The first implementation of Galileo was made by Renzo Orsini, Eugenia Occhiuto, Fosca Giannotti, and Dino Pedreschi starting from the Unix ML Interpreter written Luca Cardelli at the Edinburgh University. The implementation was a main memory one, and it was used for object database language education and for testing new database language features in the context of a statically typed language.
1986-1997 The Language Extensions [Full Bibliography]
Since 1986, the language was extended with additional object-oriented features, in particular with mechanisms to model objects with roles and views. The result was the programming language Galileo 97.
The research project was supported in part by the Italian National Research Council (CNR) and by two ESPRIT BRAs in the area of Database Programming Languages. The project leader was Antonio Albano, and important contributions were made by a new member of the research group, Giorgio Ghelli, and by the students Giuseppe Antognoni, Roberto Bergamini, Carla Brasini, Diego Dellagiacoma, Milena Diotallevi, Luca Alfò, and Stefano Coluccini.

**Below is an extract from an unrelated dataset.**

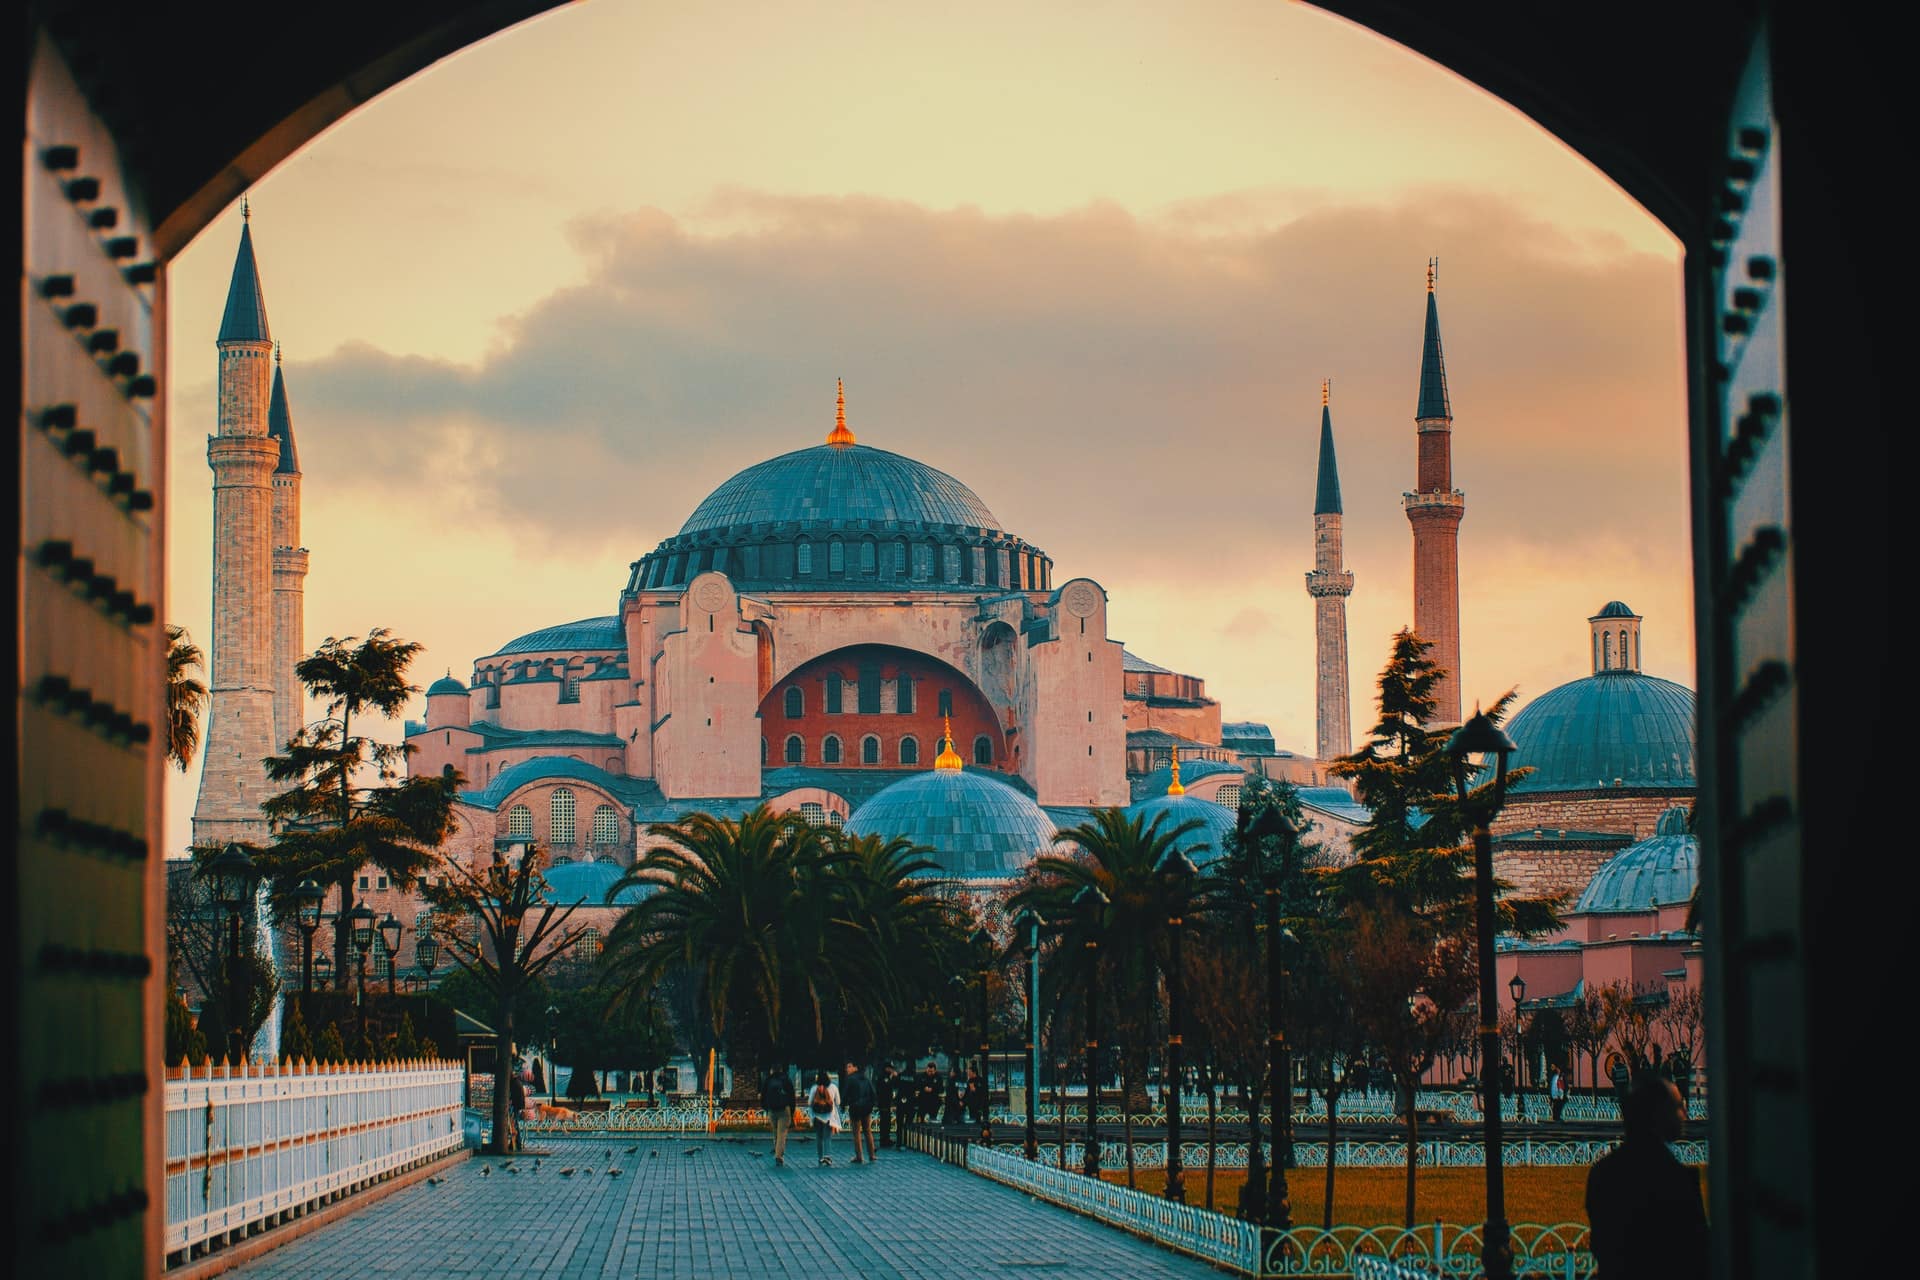 Esta imagen muestra Hagia Sophia en Estambul, probablemente el sitio histórico más famoso de Turquía, con sus paredes rosadas y sus altos minaretes.
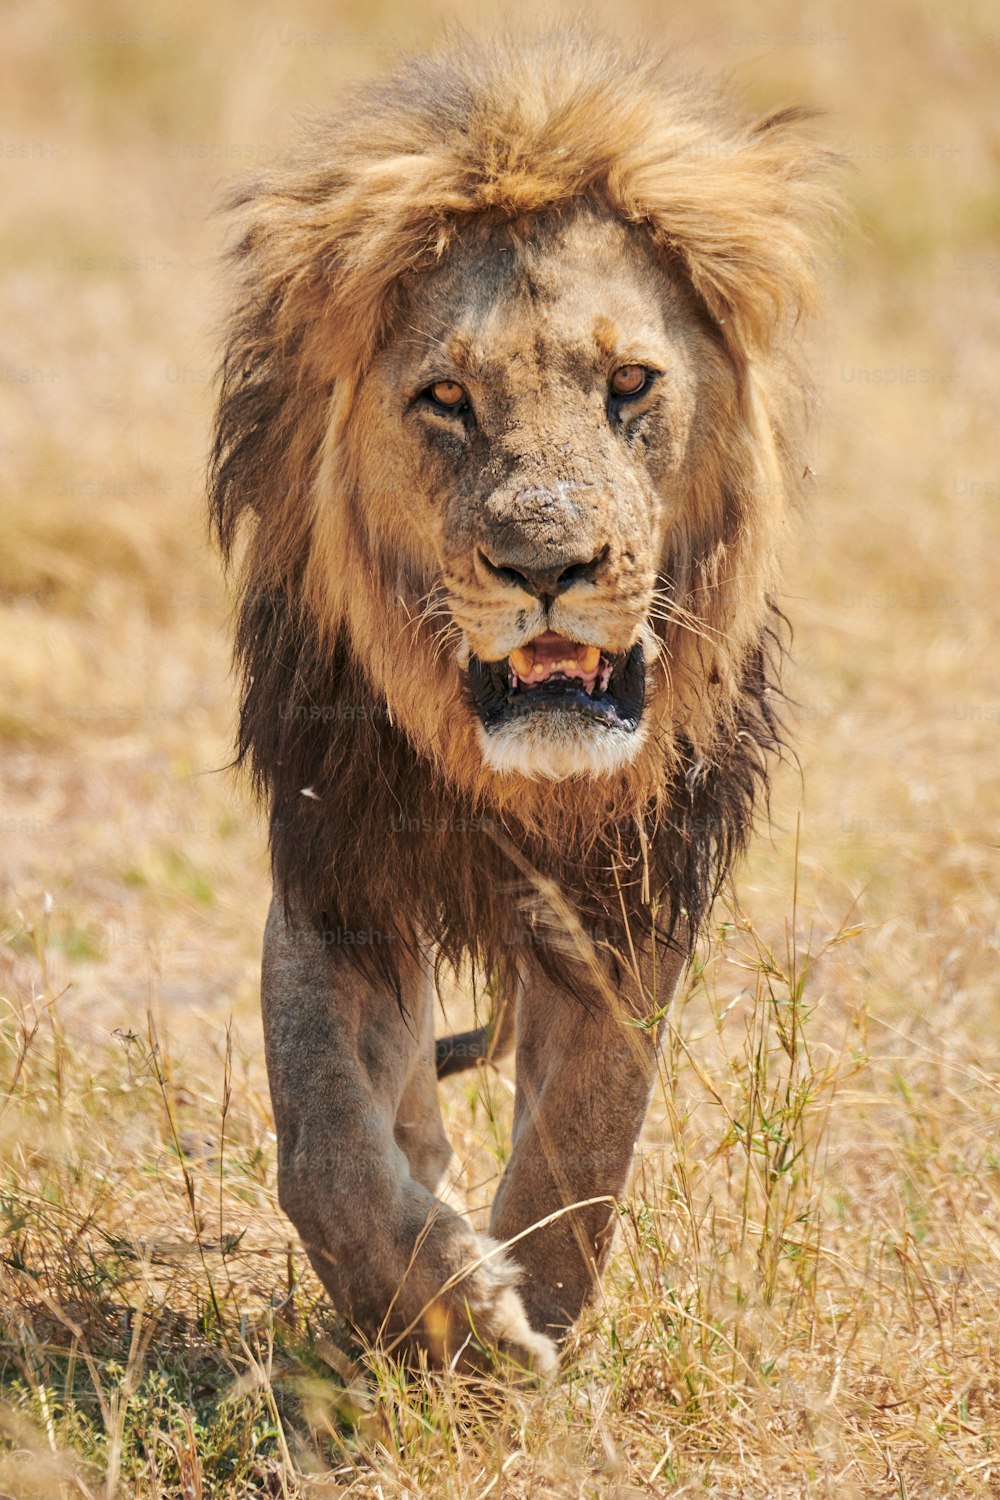 Schöner und riesiger männlicher Löwe (Panthera leo), ein echter König, der majestätisch im wilden afrikanischen Busch spazieren geht.

A new main-memory implementation of Galileo for personal computer was made by the students Milena Diotallevi and Gianluca Baratti, using the language Pascal on personal computers. The new implementation was initially simpler than the first one, but then it was extended by another student, Giuseppe Antognoni, with roles, views and polymorphism. The language has been used extensively in teaching university courses on databases.
The current distributed Galileo 97 implementation is maintained by Renzo Orsini.
The object role mechanism, together with new mechanisms to model relationships between object collections, and modules, were lately included into another object database language Fibonacci (1991-1998).